I previously presented calibration plots for the 16 most popular casters taken to the WTC. I cut to top 16 to make sure that there was enough data in each bin. I was convinced by Privateer Press forum user Fluffiest to try running the same analysis on the factions instead. I was not expecting much to leap out from the aggregated data.
Due to the larger number of games observed in each group I spit the results into 10 bins each. I wanted to summarize these plots in a single easily digestible metric. To rank the factions I used the linear model trendline to calculate the area under the curve within the one by one box that makes up each plot. If the number is greater than 0.5, players in that faction are winning more games than expected. If it is less than 0.5 they are winning fewer games than expected. The area under the curve of the line of best fit can be calculated from the gradient and intercept. I would consider a faction to be balanced if the area under the Wins versus Predicted plot is 0.5. The results of this metric are somewhat unexpected.
Faction | Score | |
---|---|---|
1 | Retribution | 0.56 |
2 | Circle | 0.55 |
3 | Legion | 0.55 |
4 | Cygnar | 0.54 |
5 | Convergence | 0.51 |
6 | Mercenaries | 0.50 |
7 | Protectorate | 0.49 |
8 | Minions | 0.48 |
9 | Khador | 0.48 |
10 | Cryx | 0.45 |
11 | Skorne | 0.45 |
12 | Trollbloods | 0.41 |
While widely acclaimed faction Retribution is right at the top, Legion performed well above what is expected based on player experience, and while reviled faction Skorne is at the bottom, favoured faction Trollboods is in dead last.

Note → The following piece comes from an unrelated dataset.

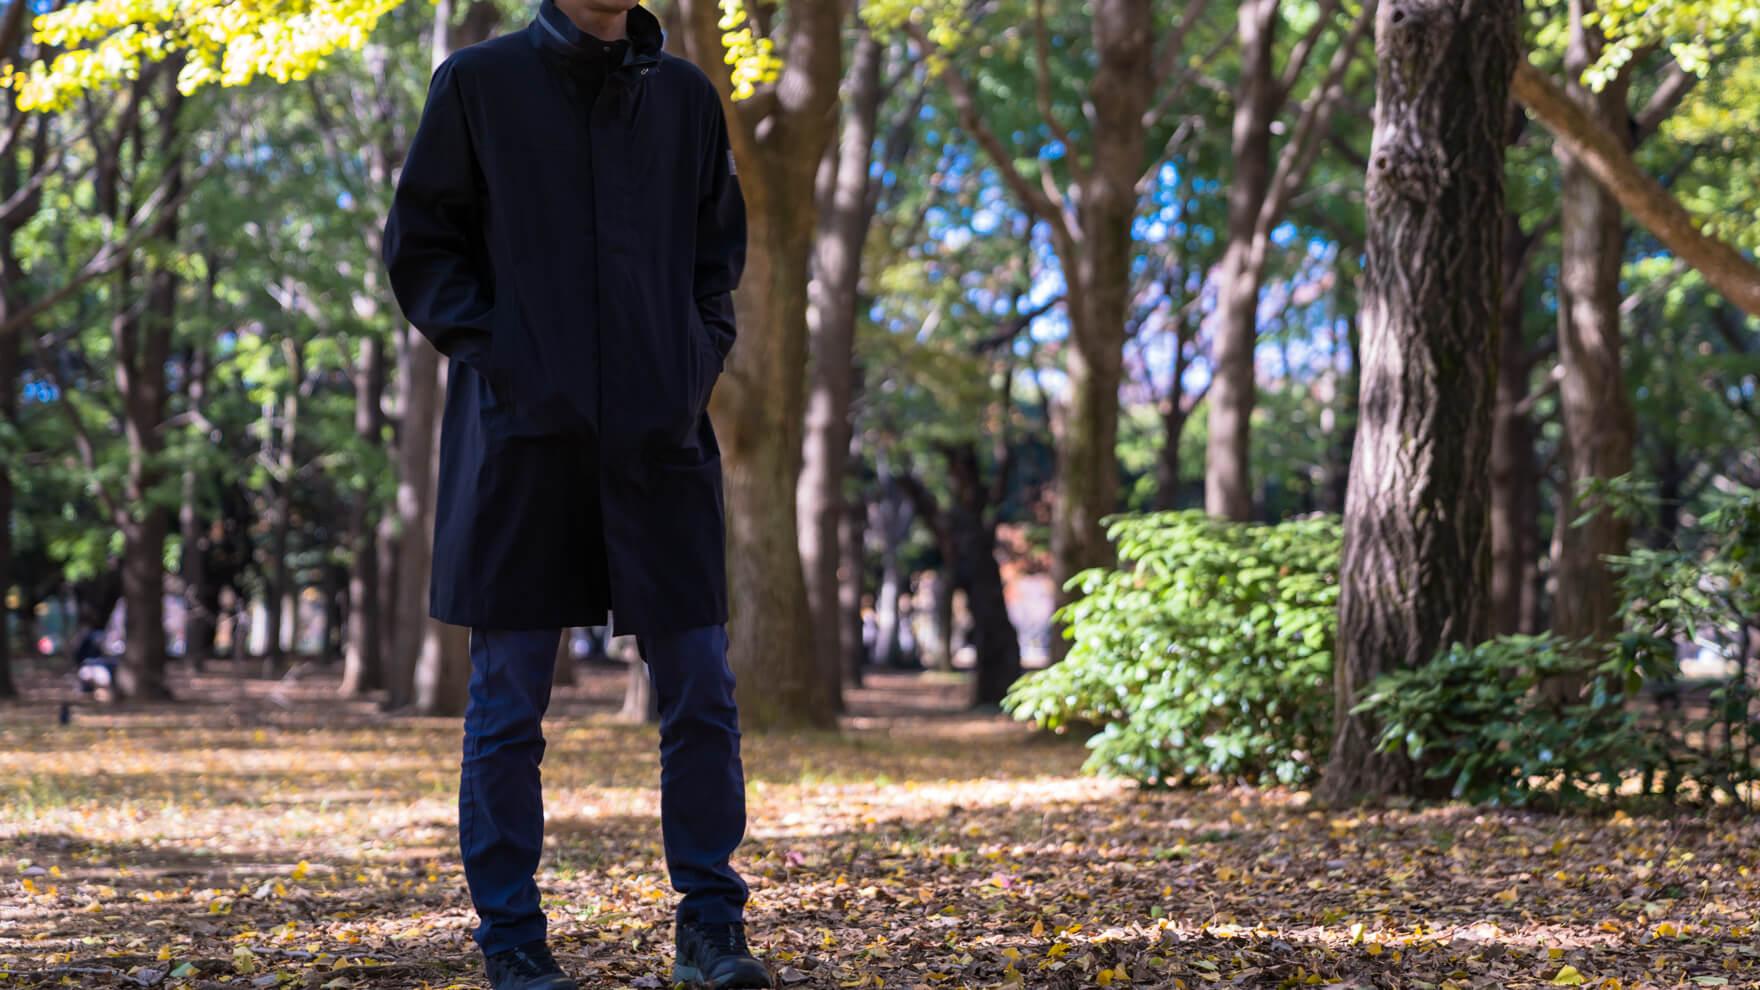 Review:街着の顔して中身は超本格。F/ACSION KENROKUは都会と自然をシームレスに行き来する人に似合う服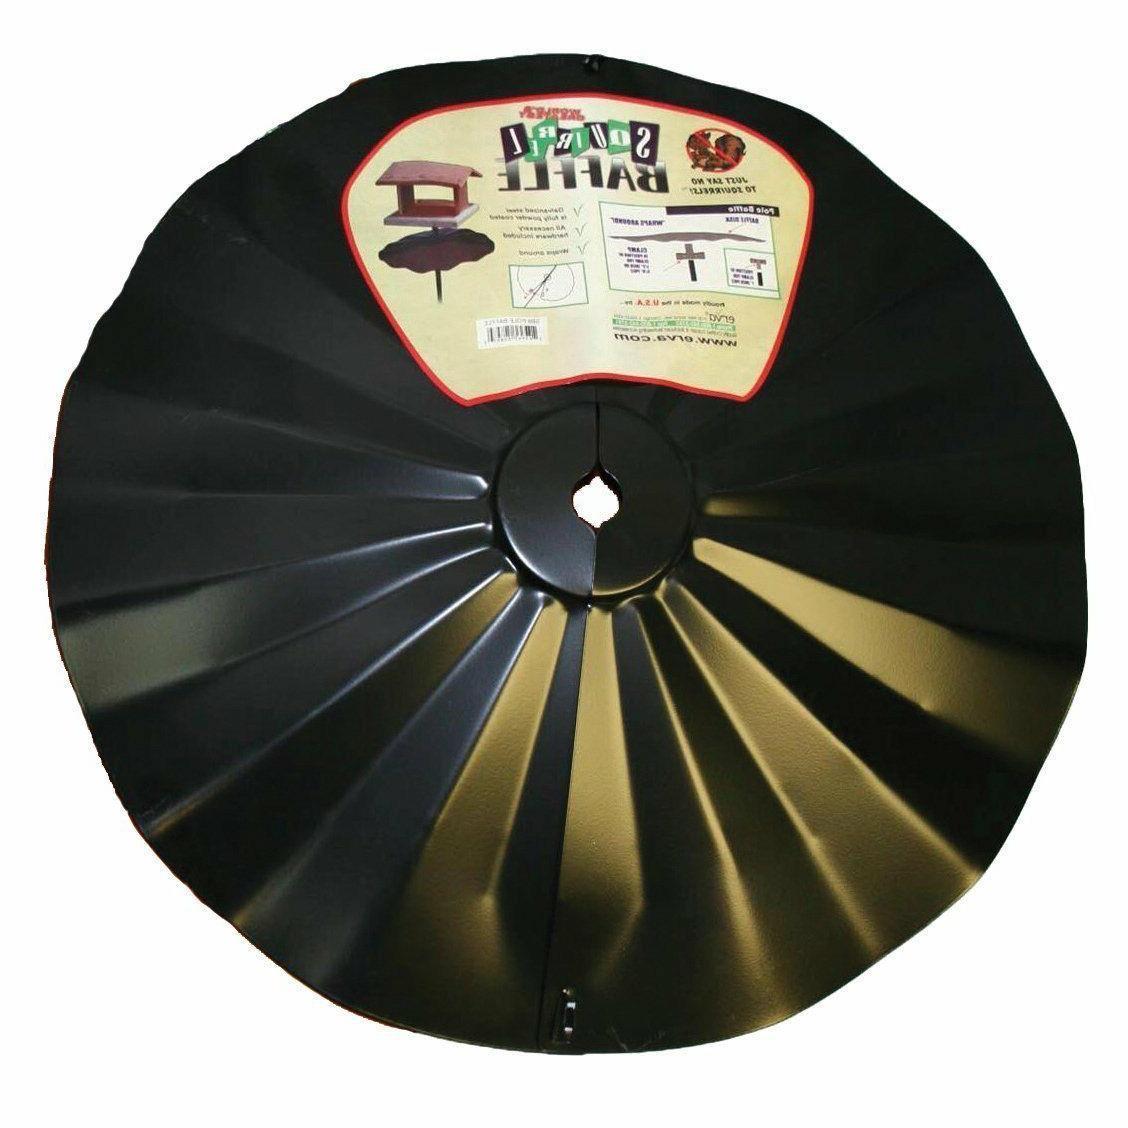 sb6 pole mount disk baffle

Of course I cannot claim that these results definitively suggest that the balance is off for Trollbloods, this is a startling result, and one that may require further investigation.
Edit: The calibration plot for the entire WTC dataset explains the misspecification shown by many of the caster and faction calibration plots. There is an overall discrepancy between the predicted and observed win rate for the largest ratings differences. This is likely due to the small training dataset available (6-12 games for most players), as well as needing to impute around 30% of the field.
While this shows that the ratings still need more training data, I believe that this approach will be useful for considering the effectiveness of casters relative to player skill.